Matt Quickenden 8/19/18 Matt Quickenden 8/19/18

Azure to Azure Stack site-to-site IPSec VPN tunnel failure... after 8 hours

We had a need to create a site-to-site VPN tunnel for a POC from Azure Stack to Azure. It seemed pretty straight forward. Spoiler alert, obviously I'm writing this because it wasn't. The tunnel was created okay, but each morning it would no longer allow traffic to travel across it. The tunnel would show connected in Azure and in Azure Stack but traffic just wouldn't flow; ping, SSH, RDP, DNS and AD all wouldn't work. After some tinkering we found we would have to change the connection's sharedkey value to something random, save it, then change it back to the correct key. This only worked from the Azure Stack side of the connection, to re-initiate successfully and allow traffic to flow again (or recreate the connection from scratch). It would work for another 8 hours and then fail to pass traffic again.

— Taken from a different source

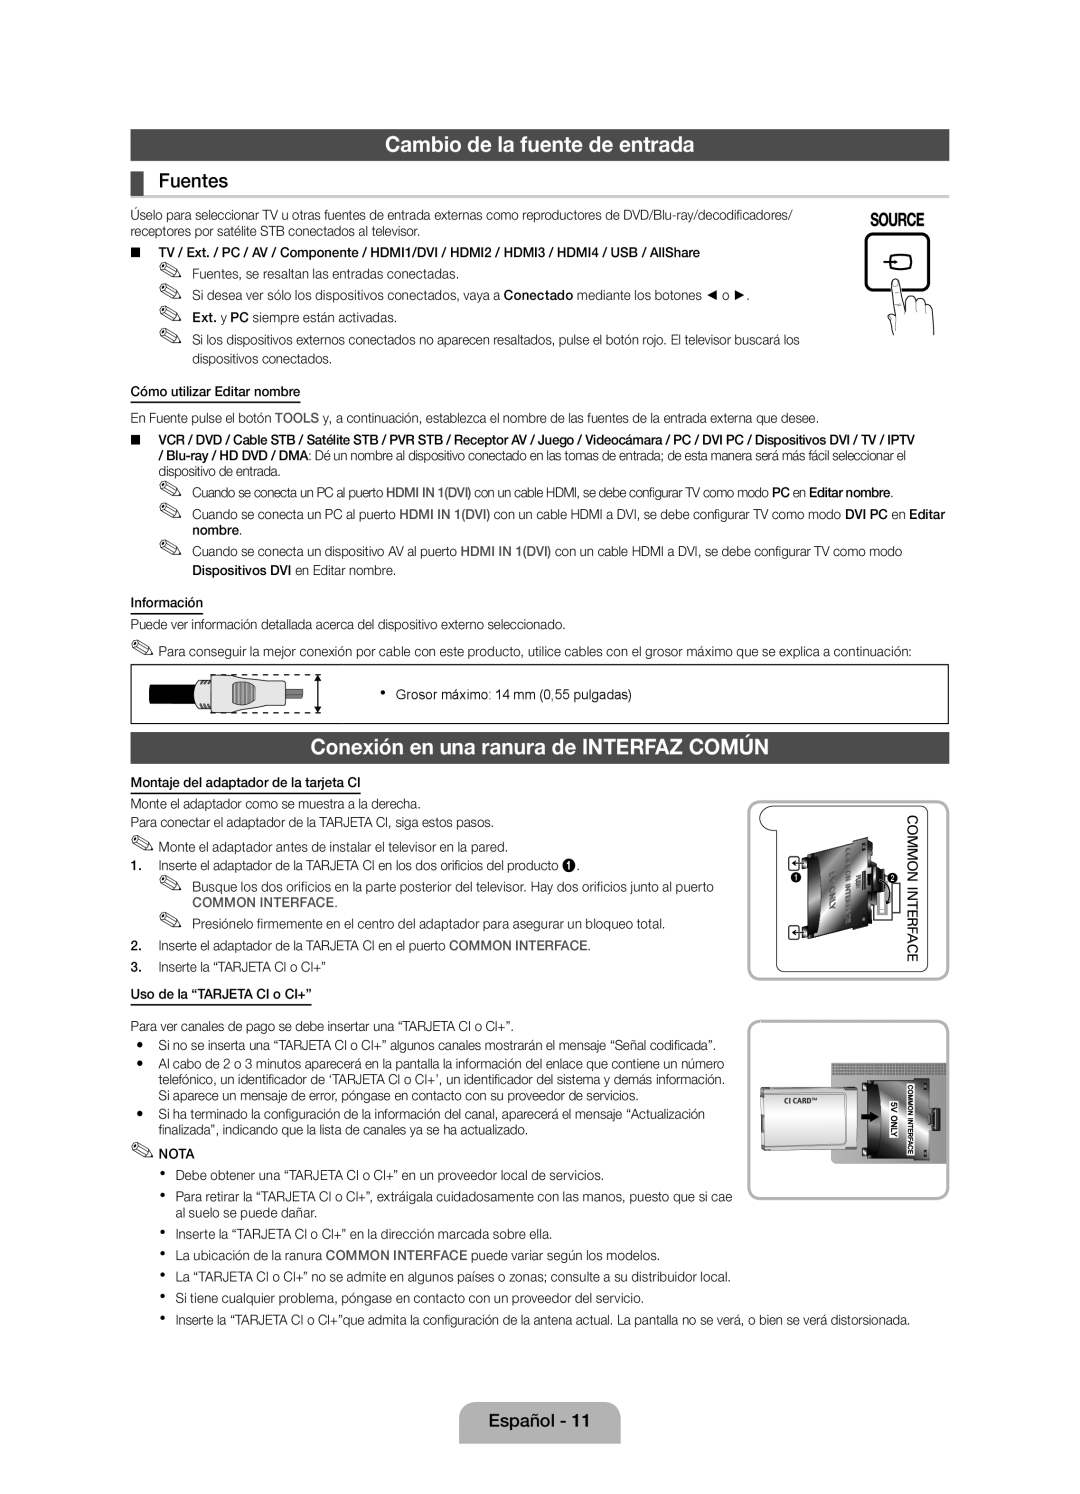 Samsung UE46D5000PWXXH Cambio de la fuente de entrada, Conexión en una ranura de INTERFAZ COMÚN, Fuentes, Common Interface 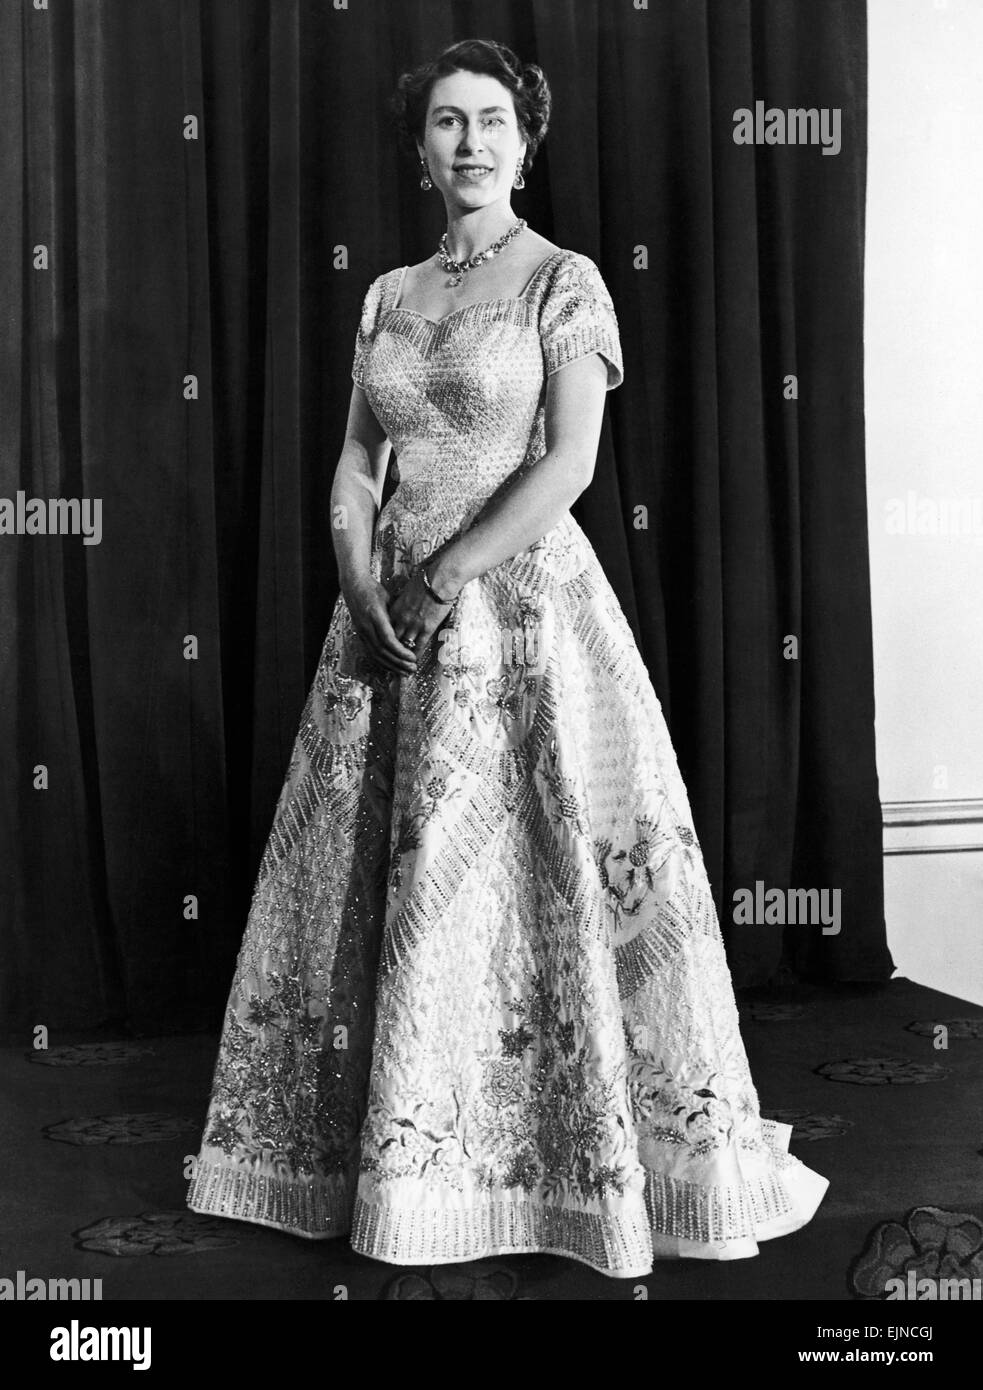 Queen Elizabeth offizielle Porträt für die Krönung 1953. Lokalen Caption *** 00101104 Stockfoto

My suspicion was the re-keying, as this would explain why it worked at first and would fail the next day (everyday, for the last 5 days). I tried using VPN diagnostics on the Azure side, as they don't currently support VPN diagnostics on Azure Stack (we are on update 1805). After reviewing the IKE log there were some errors, but it was hard to find something to tell me what was going wrong, more specifically something I could do to fix it. Below is the IKE log file I collected through the VPN diagnostics from Azure.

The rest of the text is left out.